Feature

Reach for the Sun

Vietnamese streaming platform, Danet, has commissioned a local version of Korean blockbuster, Descendants of the Sun and has a second Korean scripted format – My Love from the Star – on its agenda. No stranger to greenlighting high-end scripted formats, BHD Vietnam/Danet co-founder and vice president, Ngo Thi Bich Hanh, talks about why she believes recreating Korean hits for Vietnam is the right way to go, why it’s time for Vietnam’s story to be told by Vietnamese, and why being this bold is worth the risk.

“Vietnam is a developing country, so a lot of what we do does not really exist,” says Ngo Thi Bich Hanh, co-founder and vice president of BHD/Vietnam Media Corp. “If we want to produce movies, we end up building our own cinema chain. And there are a lot of pirates on digital in Vietnam, so we end up creating our own branded VOD platform”. 

The result so far is a media company that spans production of everything from high-end premium drama and movies and distribution, including the BHD Cinema Complex chain and streaming platform Danet, and partnerships with everyone from advertisers and agencies to channels, broadcasters and rights holders.   

Going back more than two decades, BHD has been involved in everything from The Price is Right to The Amazing Race Vietnam, Vietnam’s Got Talent, MasterChef Vietnam, Full House and, going way back, Ugly Betty Vietnam. 

Earlier this year, Ngo greenlit a Vietnamese version of Korean hit Descendants of the Sun for Danet. Some called her “crazy” for taking on a project that was so well known, for which budgets were bound to be unequal and where comparisons were inevitable.  

First and foremost, Ngo says, she’s a fan of Descendants of the Sun. Also, BHD has a reputation for being daring, for being one of Vietnam’s pioneers. “What makes us different from other companies is that we do things that people don’t do,” she says. 

“A lot of people asked us ‘are you crazy?’, ‘are you sure that you want to remake Descendants of the Sun? Vietnam is much poorer than Korea. We are a developing country. Why don’t you choose to do something more simple, something easier?”

“But we thought ‘why not?’ We know our production budgets are lower, but Vietnamese people are among the most nationalistic in the world. We love our country, and Descendants of the Sun is about how you love your country. So we thought that would click into the hearts of Vietnamese people. We have been through a lot worse. A lot of good movies and drama series are set during war time. A lot of them are told by American Hollywood movies. There are not many about Vietnamese people, about how they loved their country. So we thought we would focus on that and try.”

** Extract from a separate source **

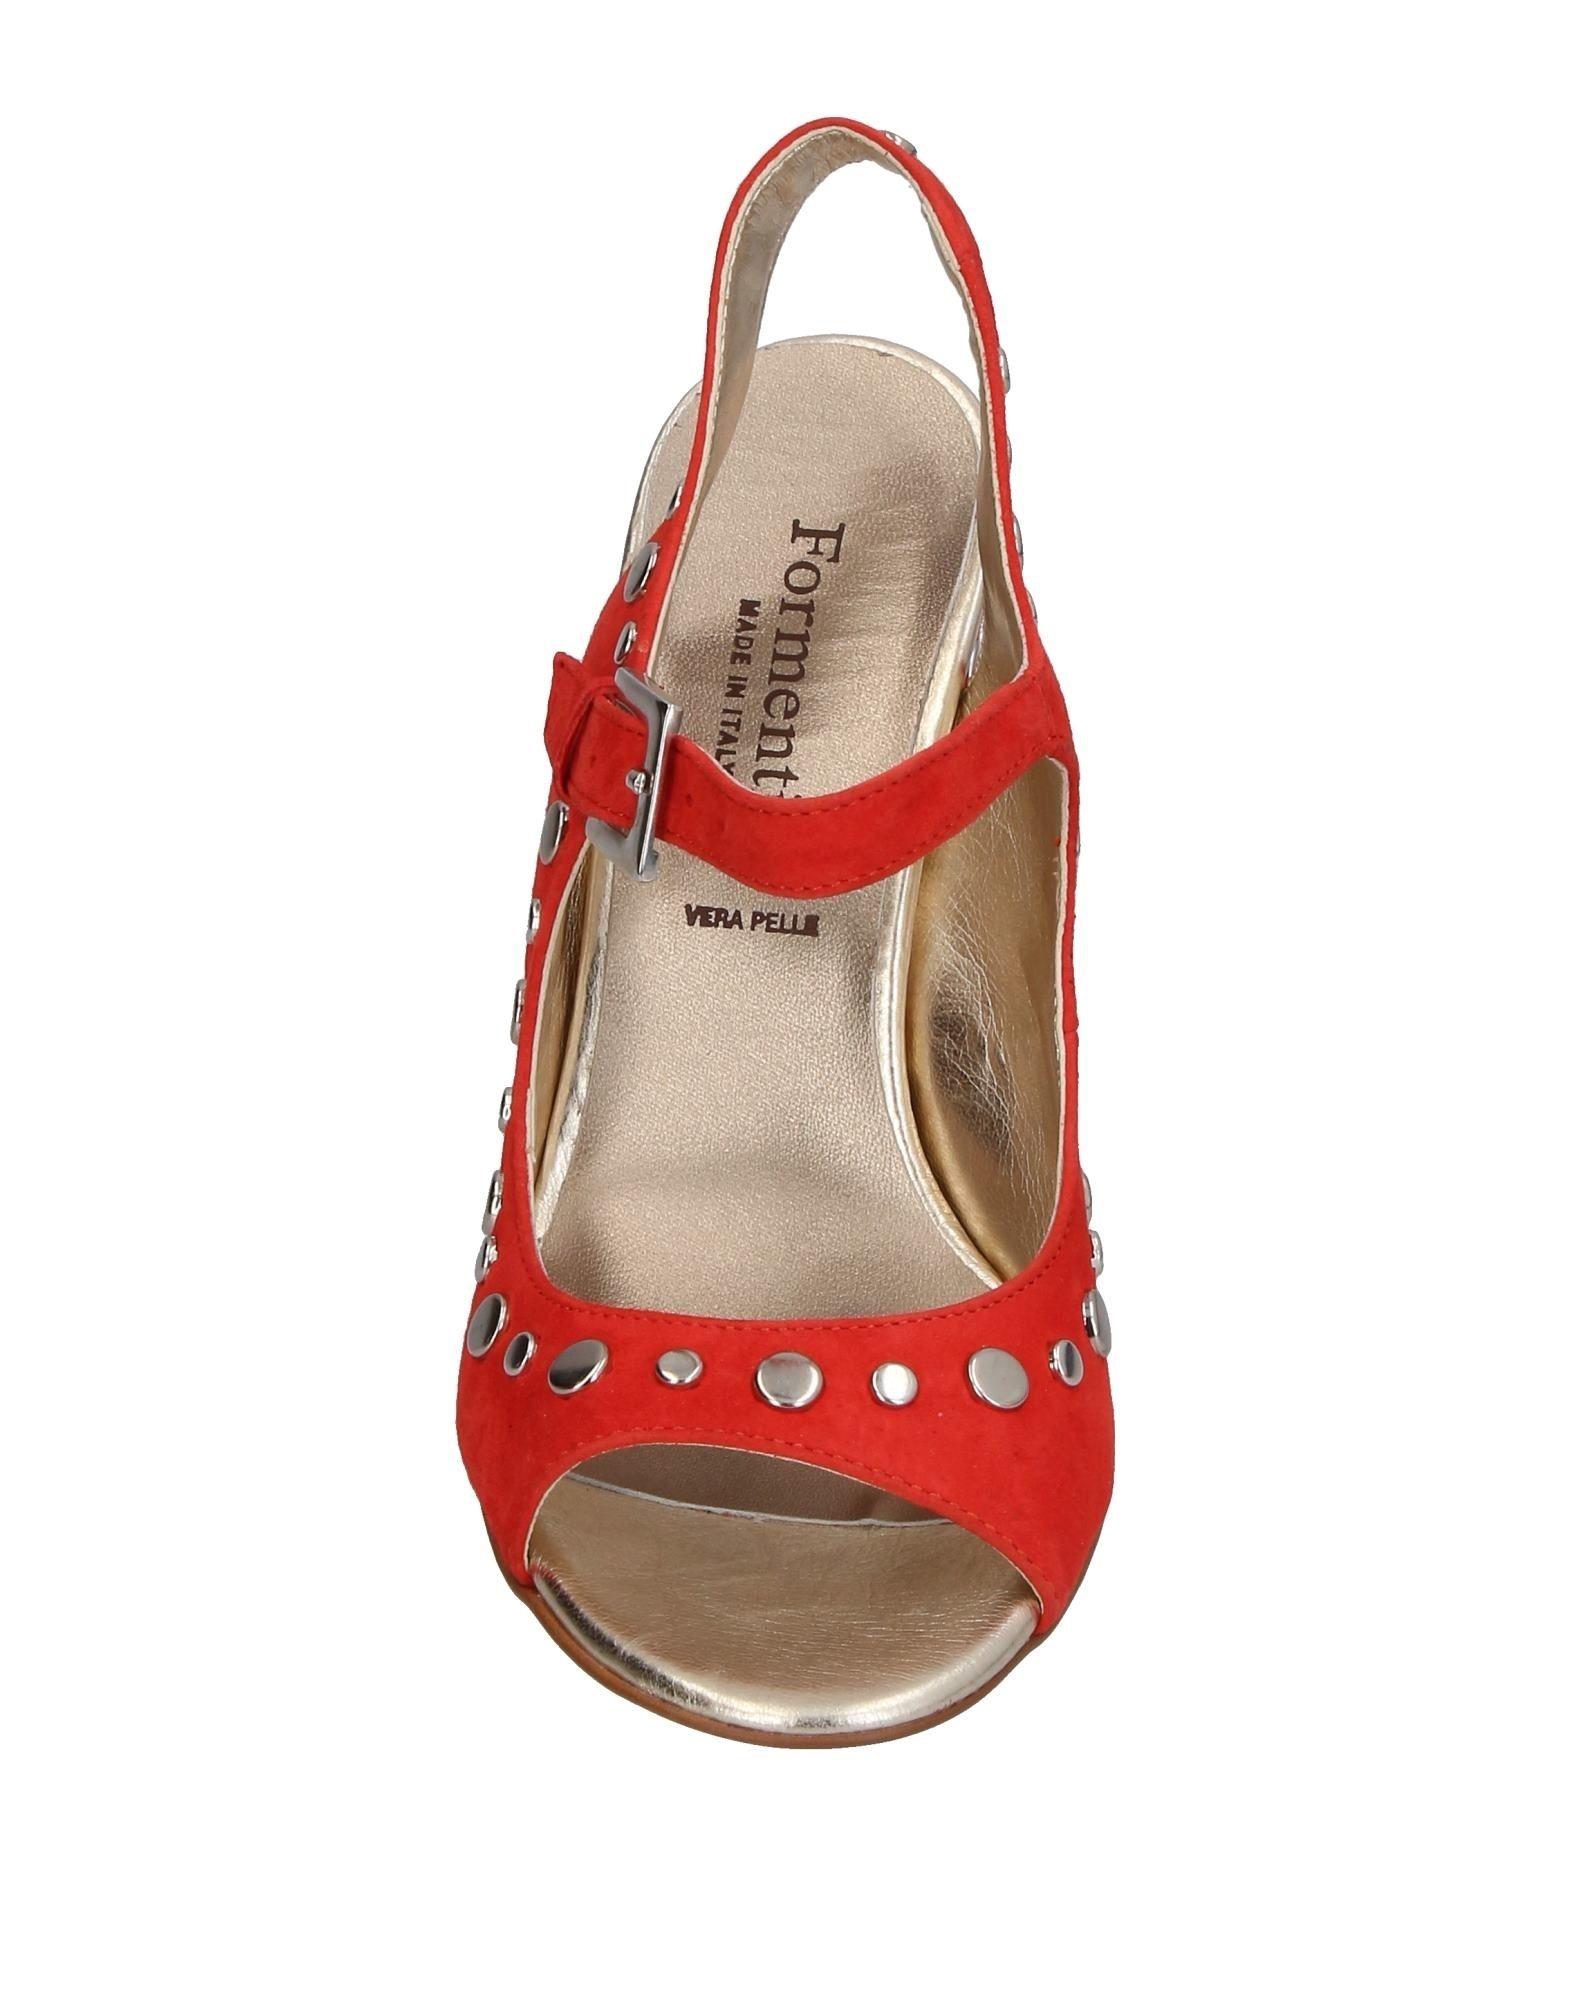 Formentini Sandalen Damen  11375916QE Gute Qualität beliebte Schuhe

Bloggers and news sites – including Korean K-pop sites – picked up the story very soon after cameras rolled. Support from buyers in the region started coming in at the first release of the teaser poster. Although BHD never had regional/international distribution ambitions for the series, “we are really happy about the interest,” she says. 

Descendants of the Sun Vietnam is helmed by film director Tran Buu Loc in his first project for television. “Vietnam, despite low budgets, produces thousands of hours a year of content. And it’s all very similar”.  BHD decided to bring Tran on board because “we wanted to do something different, something bold, something that would make people pay attention among the hundreds of thousands of hours of content in Vietnam on legal and pirate platforms,” Ngo says.

Piracy is Vietnam’s legal operators’ most serious issue, Ngo says. “We are actually not so worried about our other competitors.” Danet is part of BHD’s effort to stave off the threat, with multiple access and price points. It turns out that SVOD and TVOD “didn’t develop as well as we expected,” she says. AVOD, on the other hand, took off, which led to the decision to invest in Descendants of the Sun this year and other originals, including a local version of Glee last year. “AVOD is developing quite well in Vietnam and we hope that in time the AVOD audience will turn into SVOD and TVOD,” Ngo adds. 

BHD is more likely to go forward with adaptations of Asian stories – including My Love from the Star from Korean broadcaster SBS – than with more American ideas. “Asian stories are much easier to adapt,” Ngo says. “When we did Glee, we had a slight problem in that men in the U.S. can fall in love with different women during different episodes. And that’s really difficult for us. Our ideal man is one who loves one woman no matter what.”

Vietnam’s formats acquisitions have dipped, with Thailand taking over as the region’s biggest buyer in the first half of this year, according to ContentAsia’s Formats Outlook. Ngo attributes this to multiple factors, including a slower economy, lower TV ratings, and an overload first of game shows and now reality, with back-to-back episodes stuffing schedules. “Audiences get fed up,” she says. “There’s nothing new... So funding is smaller and audiences want more, and they want something different”. 

She has high hopes for OTT, despite piracy. “There’s a big shift from linear TV to OTT,” she says. TV ratings dropped 12% this year compared to last year. At the same time, willingness to pay for OTT services in Vietnam is very low. “Pirate site are for free. Audiences don’t know whether the site is pirate or legitimate, they just come to where the content is.”